In conclusion, this paper has explored the application of Radial Basis Function Neural Networks (RBFNNs) in predicting chaotic and random behaviors. Through a comprehensive review of related work, we have highlighted the strengths and limitations of RBFNNs in capturing the complex dynamics of chaotic systems. Leveraging insights from chaos theory and neural network architecture, we have proposed novel approaches for enhancing the predictive capabilities of RBFNNs with attention mechanisms.
Our results demonstrate the effectiveness of our proposed methods in predicting chaotic and random behaviors. A comparison of object movement predictions illustrated in our visual results indicates that our enhanced RBFNN model effectively captures the inherent variability and unpredictability of chaotic systems. Specifically, in Figure 6 prediction paths exhibited greater variability and subtle shifts, closely aligning with the expected characteristics of chaotic behavior. This confirms that our model can realistically reflect the randomness and sensitivity to initial conditions typical of chaotic systems.
Overall, this paper contributes to advancing our understanding of chaotic systems and lays the groundwork for future research in utilizing RBFNNs for predictive modeling in complex dynamical systems.
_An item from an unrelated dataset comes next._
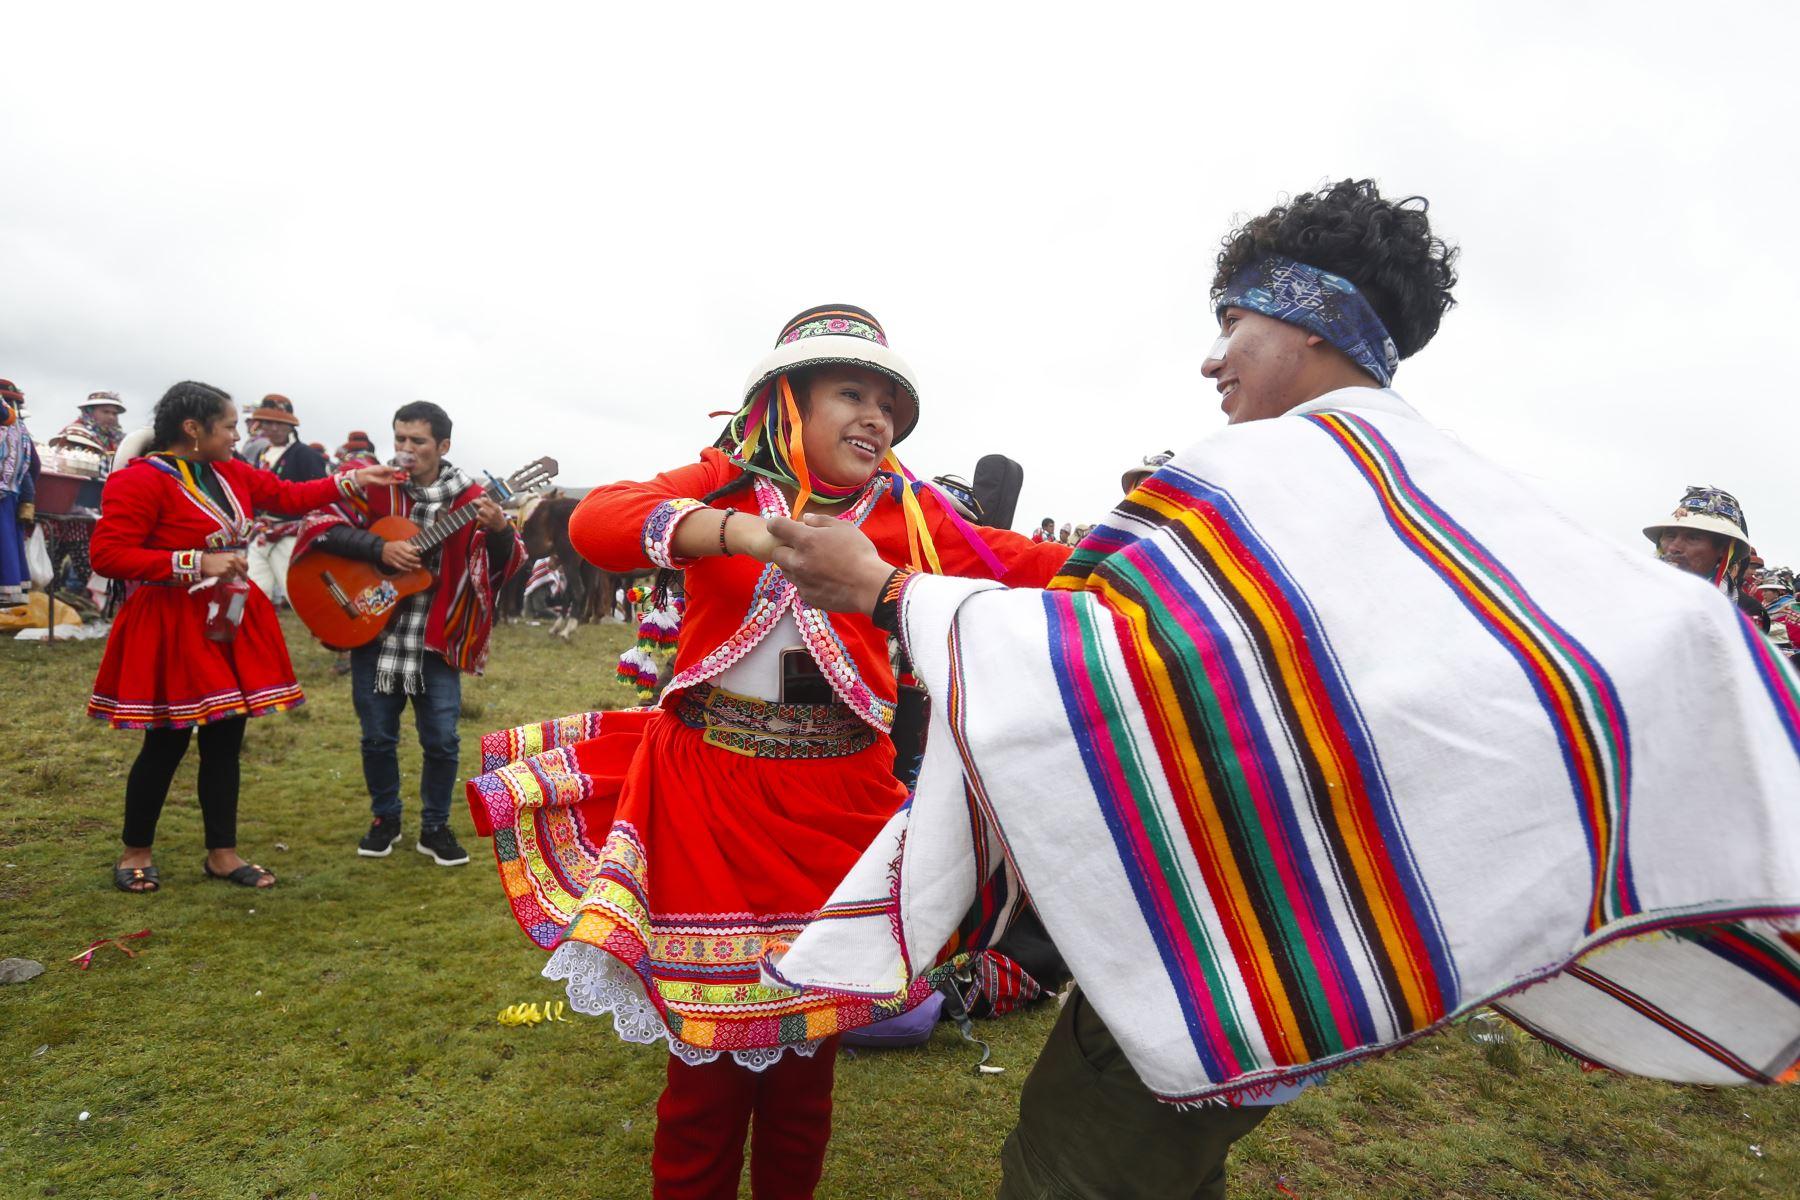 Muchos jóvenes aprovechan la festividad para conquistar el corazón de alguna chica a través de sus mejores pasos de baile. Foto: ANDINA/Renato Pajuelo

Chaotic systems often require ongoing monitoring and adjustments to plans. Since small changes can have significant impacts, staying updated on the current state of the system is crucial. We understand that chaos can not be truly predicted and understood.

Results can be reproduced from the code present in my GitHub repository.

We acknowledge the work of Alessio Russo who originally implemented RBFNNs in PyTorch. His work is available on his GitHub[16].